Suddenly Jones was wide awake.

“I can’t believe I missed this!” she said angrily. “I set this whole fucking system up just to scan for this one thing, this one fucking thing, and then when it works, I’m too fucking lazy to check back and see. Meantime this asshole’s been living high on the hog. I just can’t believe it.”

“Don’t beat yourself up, Doc,” said Jones, looking over her shoulder at the computer screen in her quarters back on the Kandahar. “It looks like you’ve got, what, four and a half thousand messages there, and eight hundred are marked priority one. You were busying saving lives. The dead can wait.”

She looked like she was about to beat on herself some more.

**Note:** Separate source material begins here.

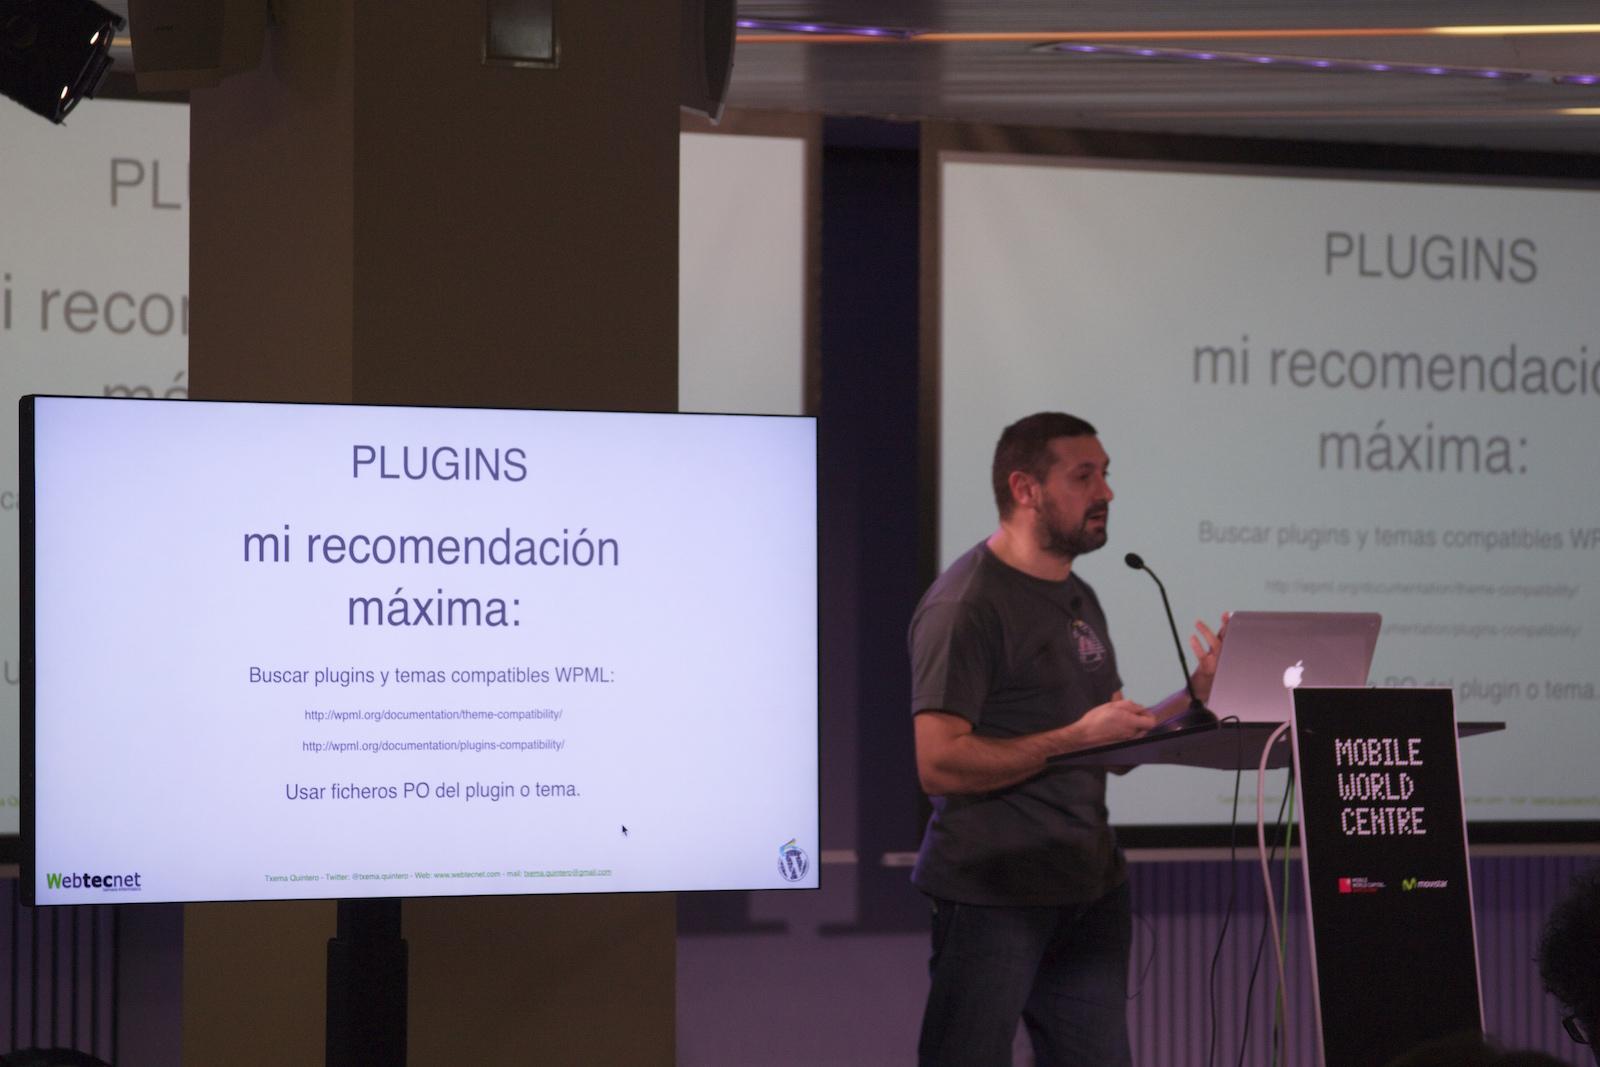 Buscar plugins y temas compatibles con WPML

“I knew Anderson,” he said, cutting her off. “She’d come back from the grave and give you an ass-kickin’ if she thought you put a Band-Aid on someone with anything less than perfect care, just because of her.”

“Well, what are we going to do, then?” Francois asked, turning self-recrimination into angry indignation.

Jones looked at the name on screen, and was lost for an immediate answer. “I don’t know. At least not right now. It’s going to be sticky. We’ll need to talk to Kolhammer first.”

Francois looked as if she was going to go for his throat. Or someone else’s—

“Belay that, Major,” he warned her. “You go taking a potshot at this guy before you’ve got him dead in your sights, and he will get clean away. You’re not the person to do this, anyway. Not after Cabanatuan. You’re compromised.”